**Work item**
The answer must give back every line of the data exactly, with no pictures.

**Data extract**
★ ★ ★

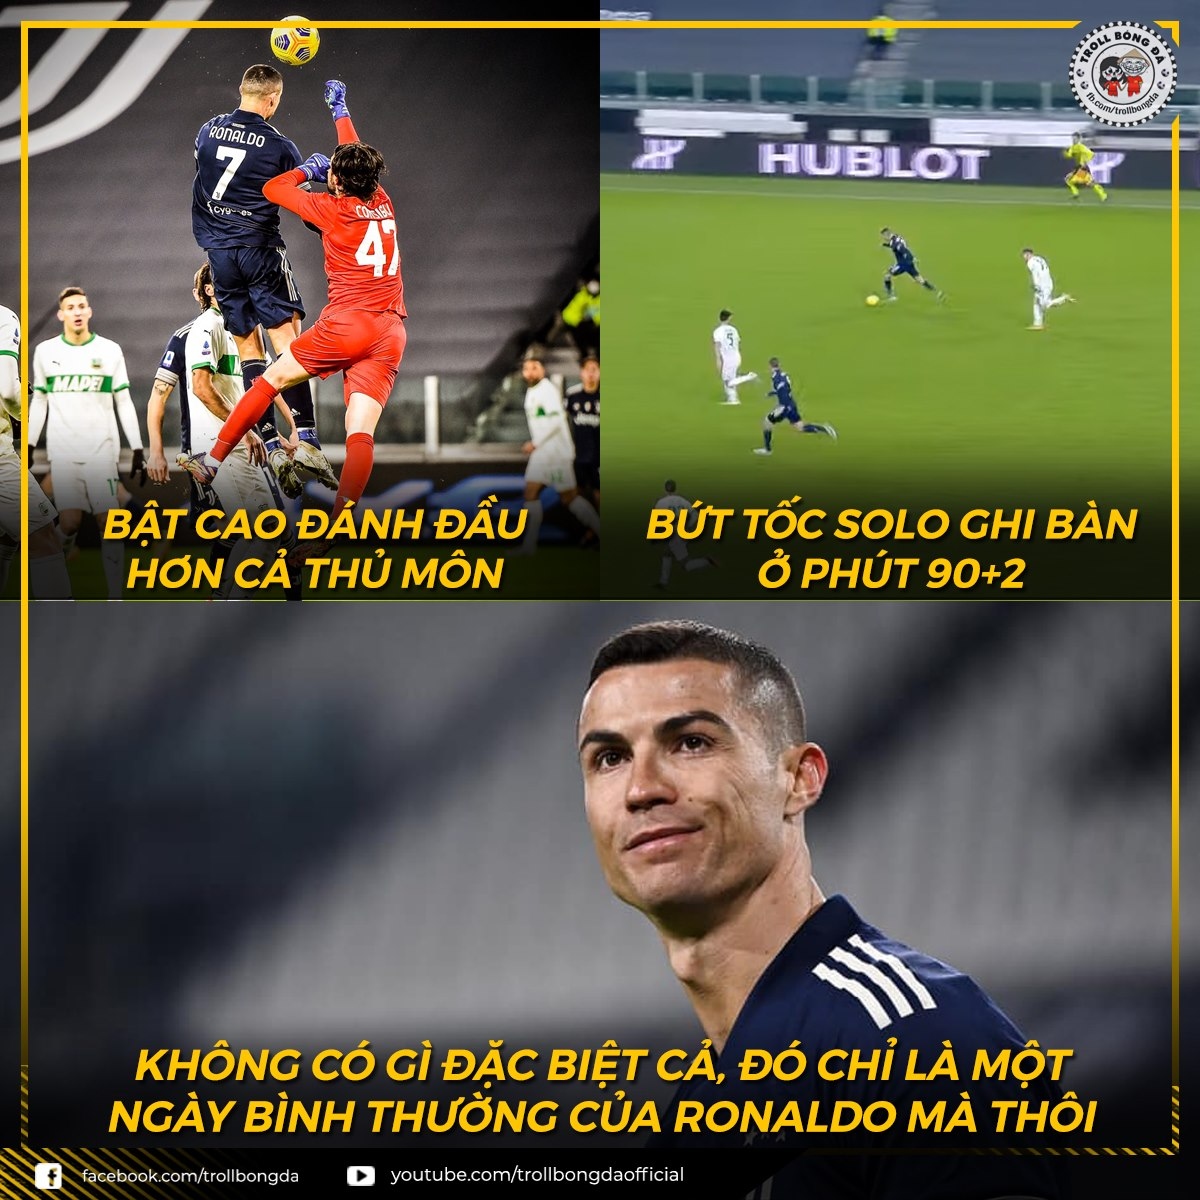 Biếm họa 24h: Không ai cản nổi Ronaldo | VOV.VN
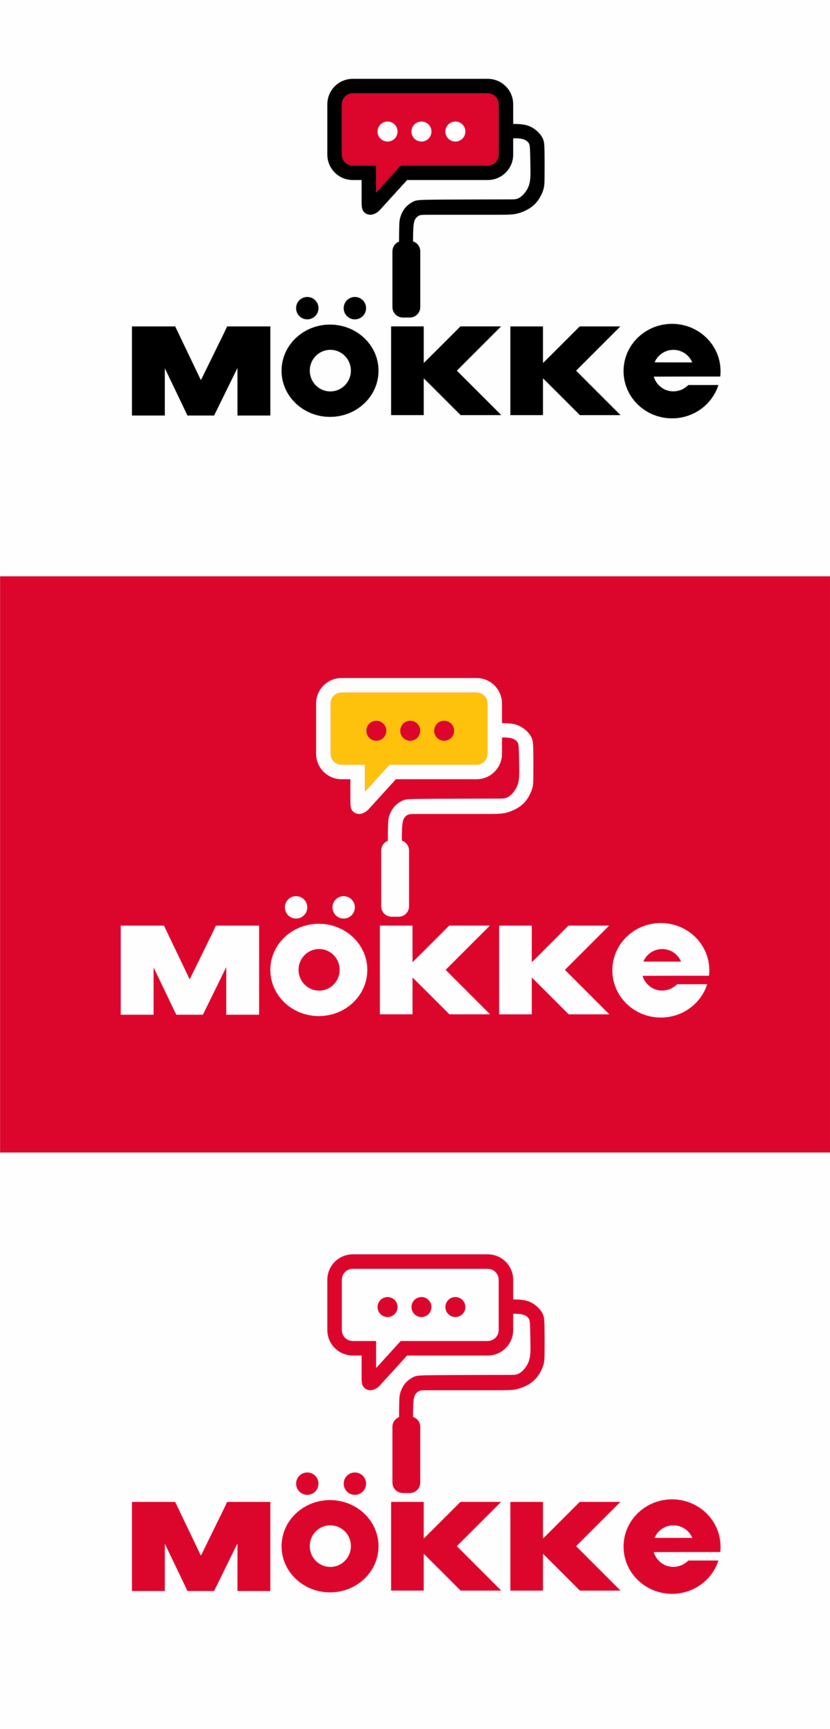 привет mokke - Разработка графического элемента к основному логотипу
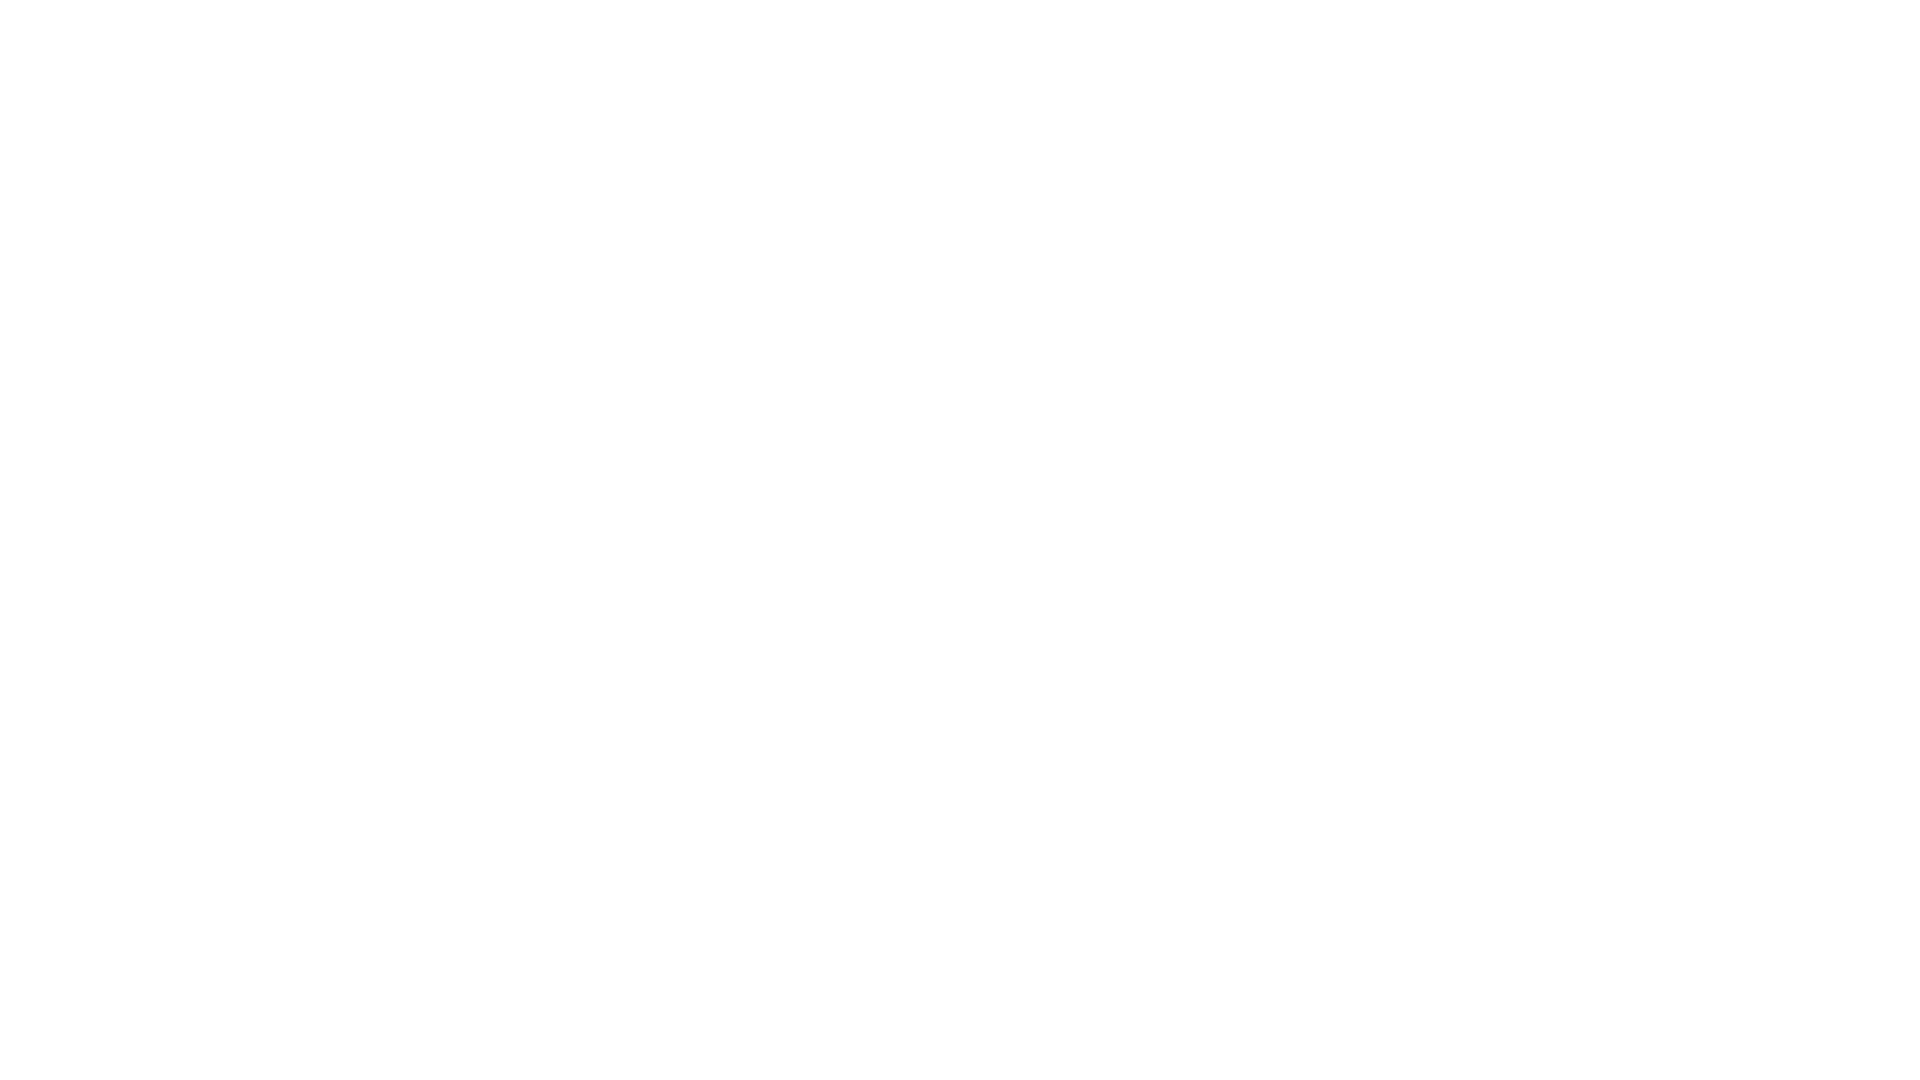 The Paul Mirfin Band

★ ★ ★

**Result for this task**
 Biếm họa 24h: Không ai cản nổi Ronaldo | VOV.VN
 привет mokke - Разработка графического элемента к основному логотипу
 The Paul Mirfin Band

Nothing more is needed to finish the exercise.